Start of Block

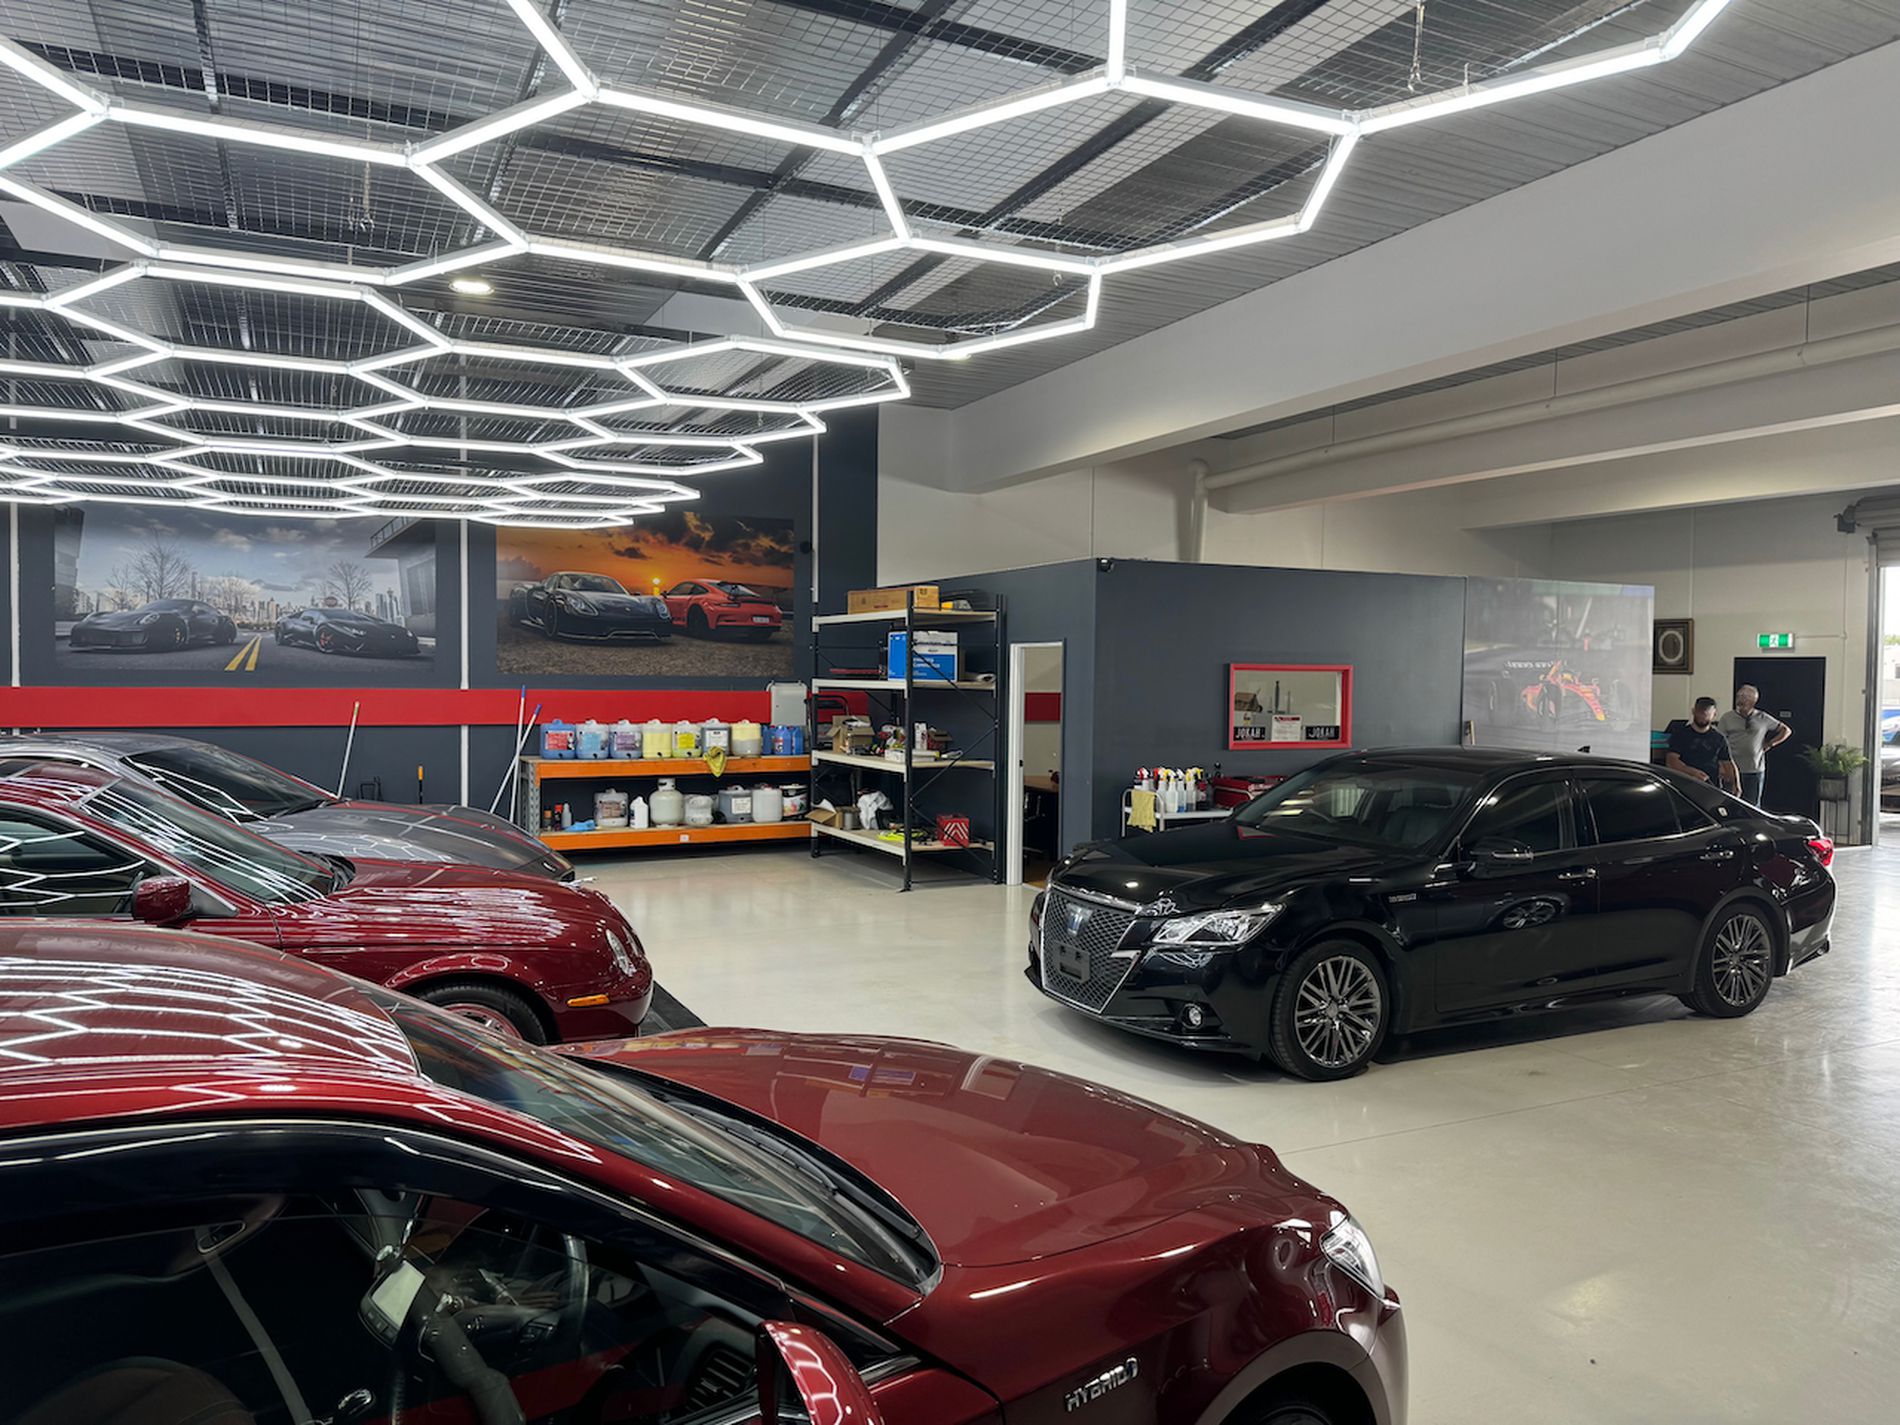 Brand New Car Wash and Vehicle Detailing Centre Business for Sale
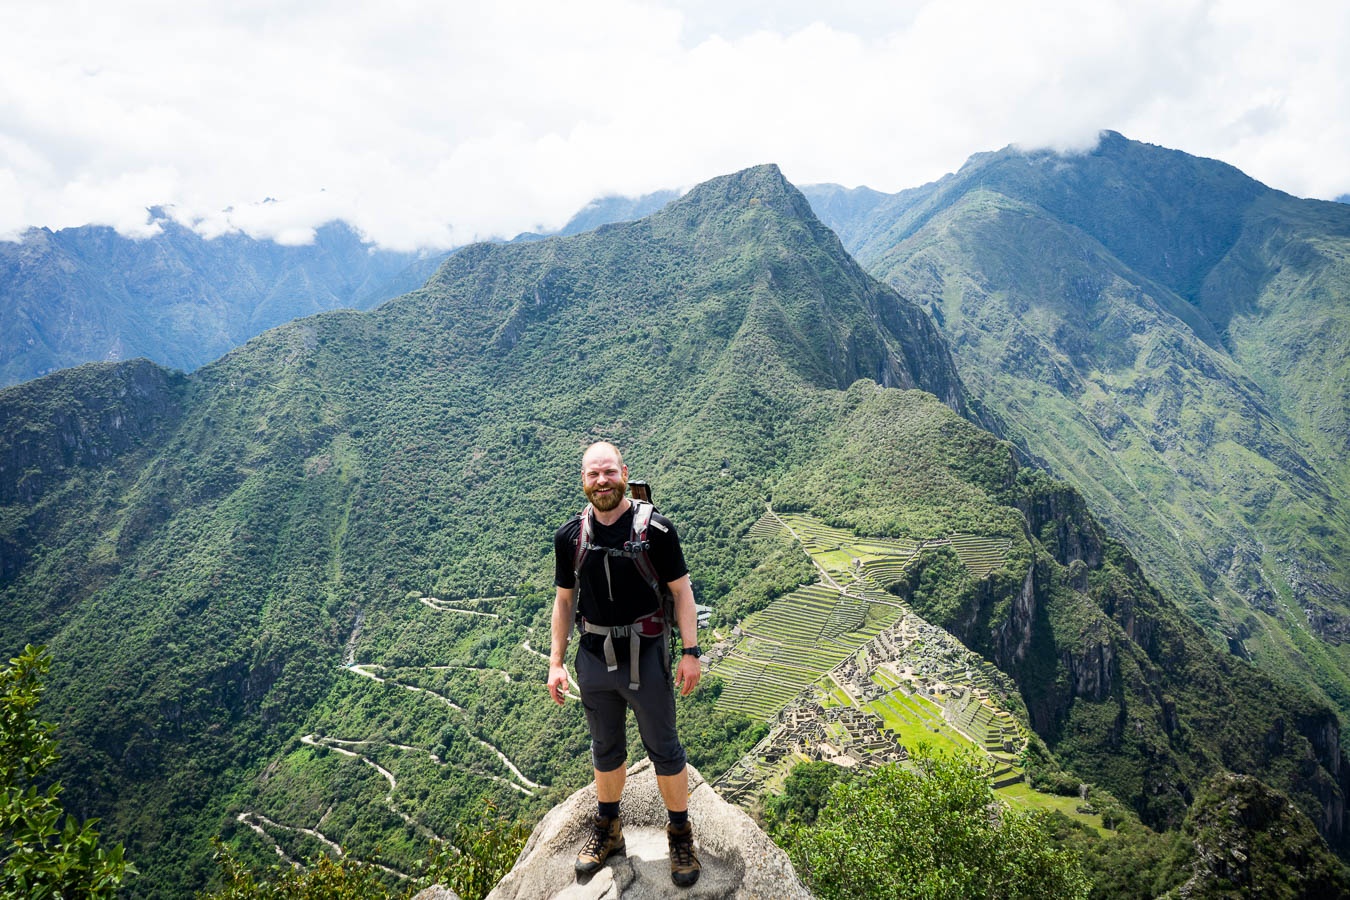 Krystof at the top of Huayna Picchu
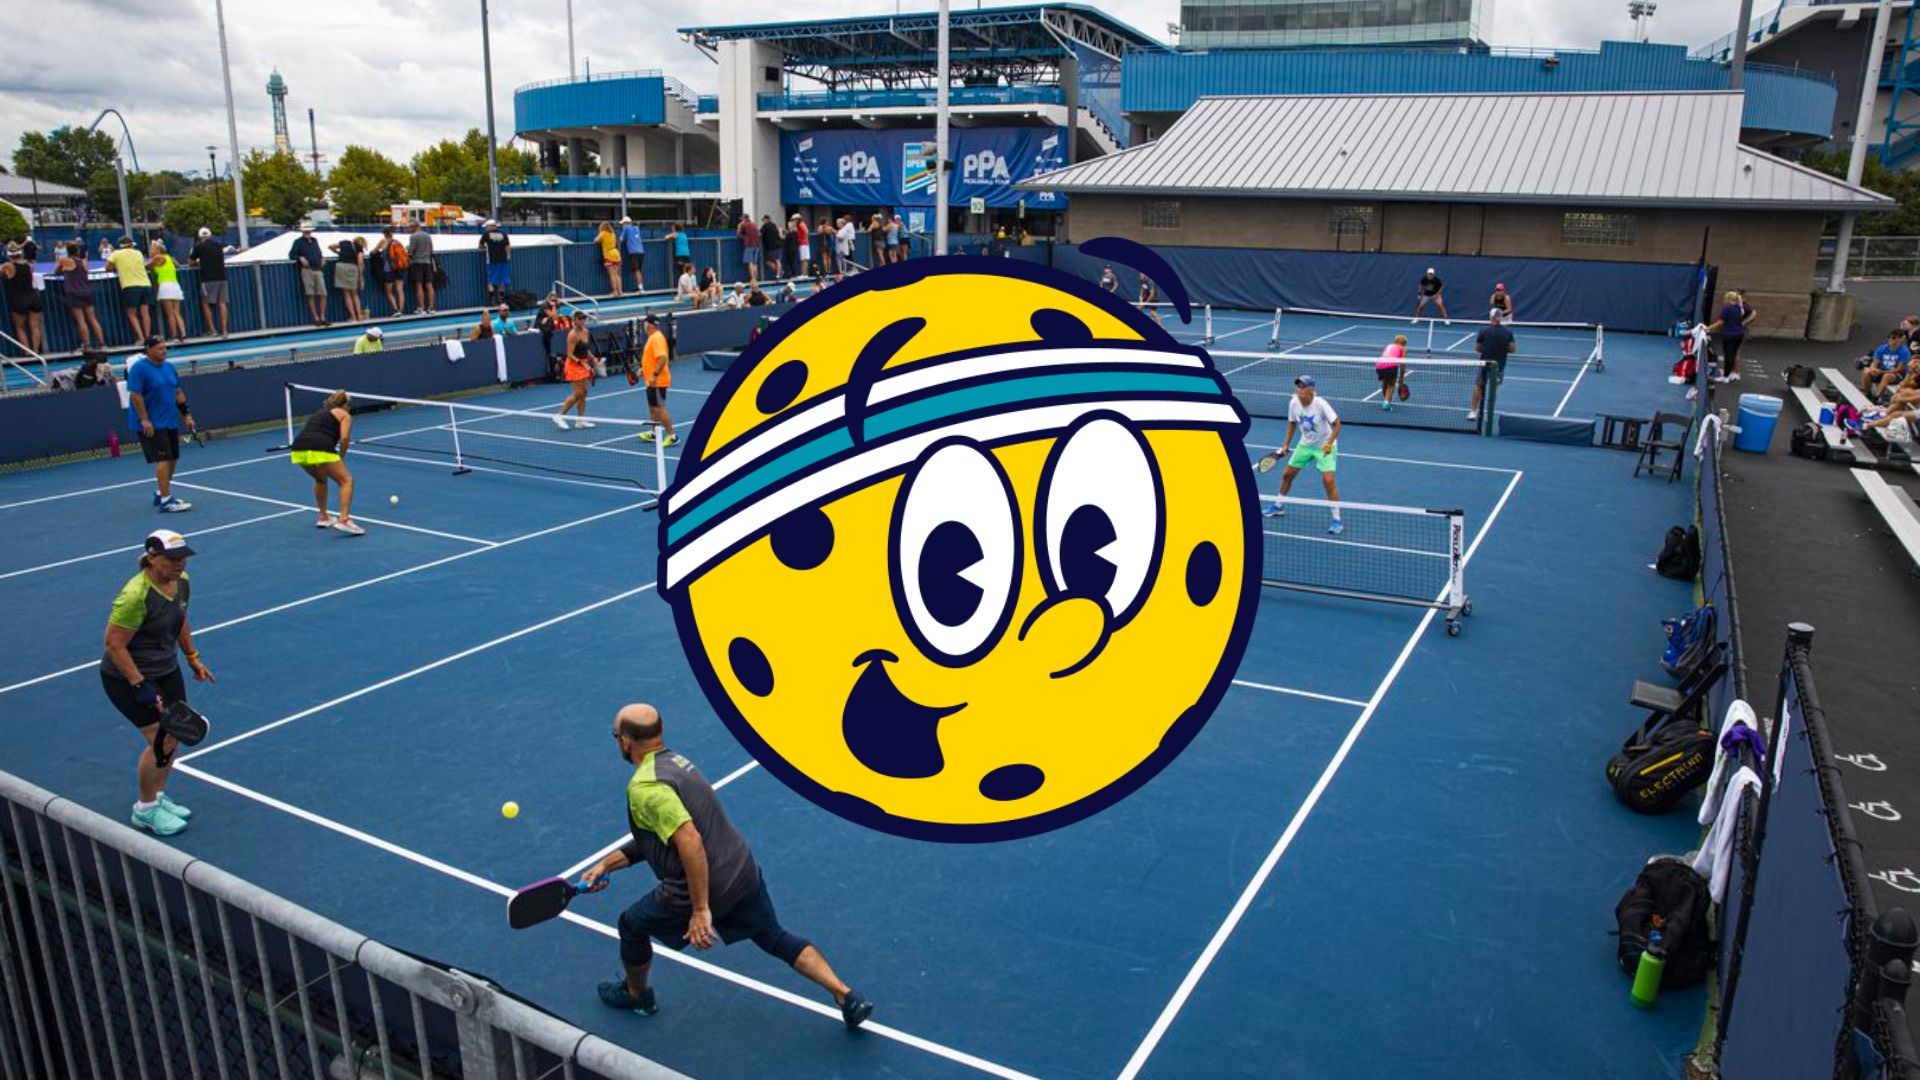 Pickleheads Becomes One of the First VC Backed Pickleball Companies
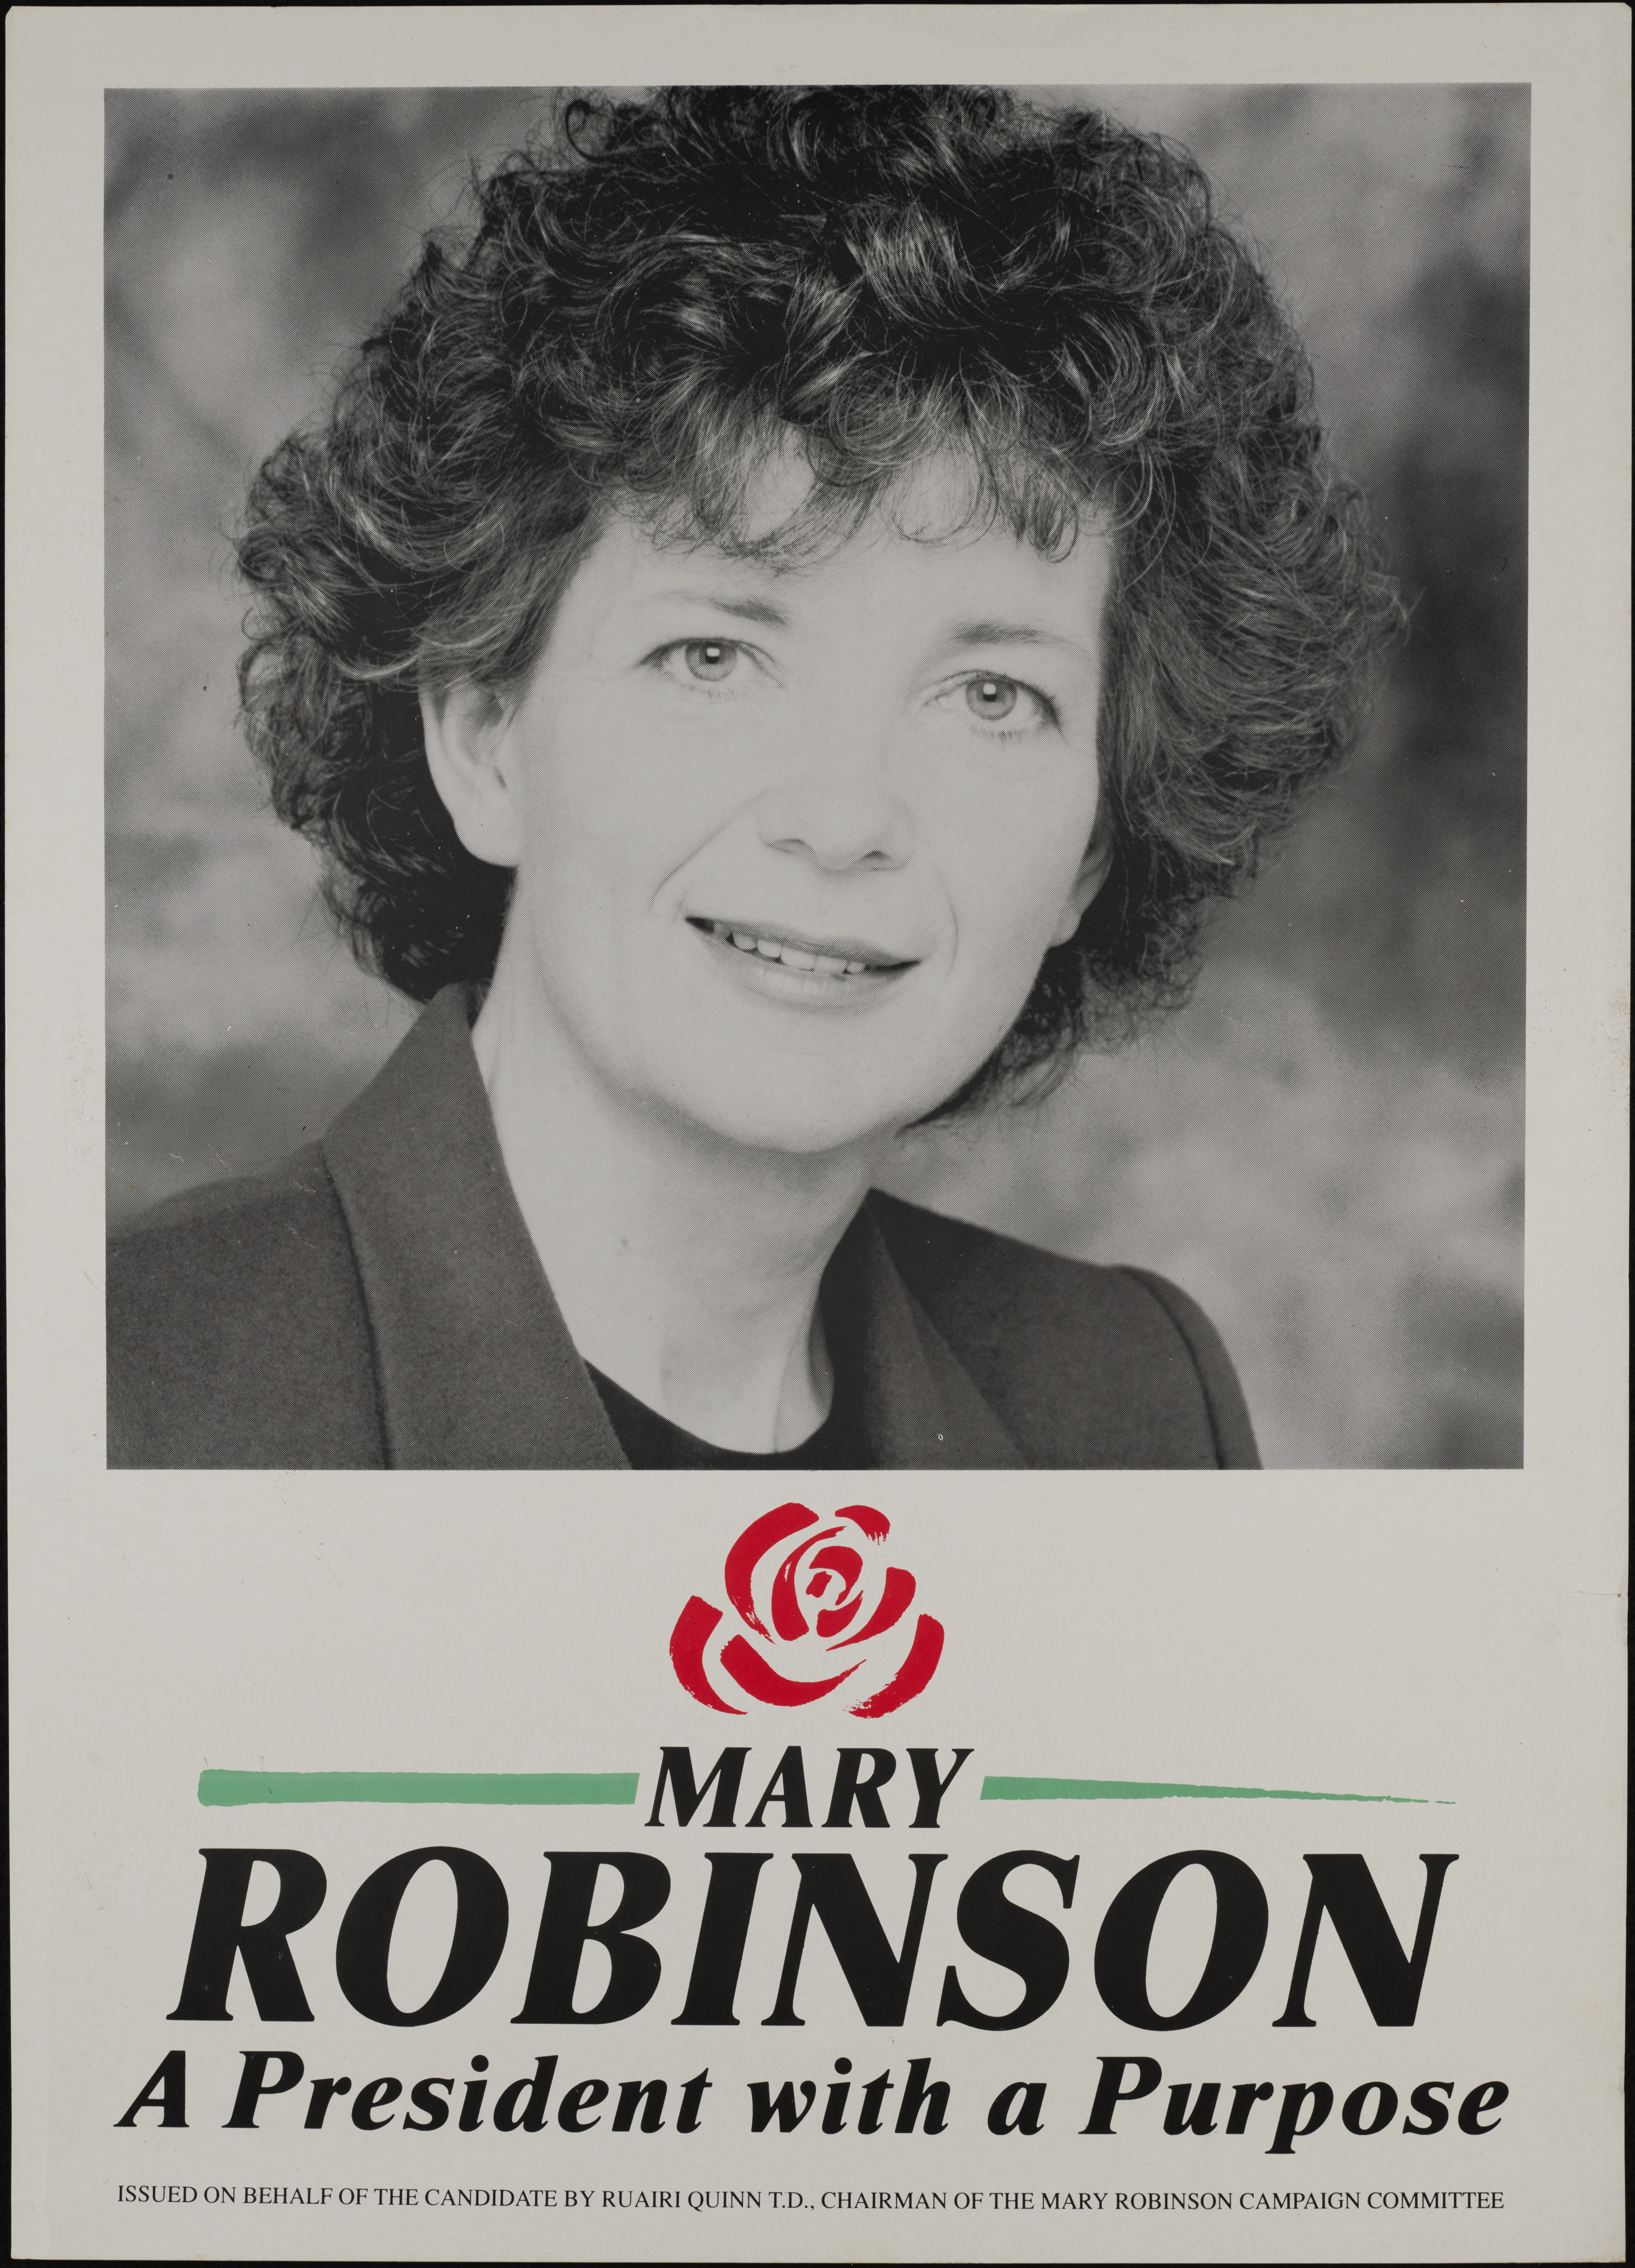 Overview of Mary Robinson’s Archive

End of Block

| Your instructions |
Output verbatim the lines beginning at the line with "Pickleheads Becomes One" and ending at the last line of the material above, inclusive. Do not carry over any pictures.

| Result of the exercise |
 Pickleheads Becomes One of the First VC Backed Pickleball Companies
 Overview of Mary Robinson’s Archive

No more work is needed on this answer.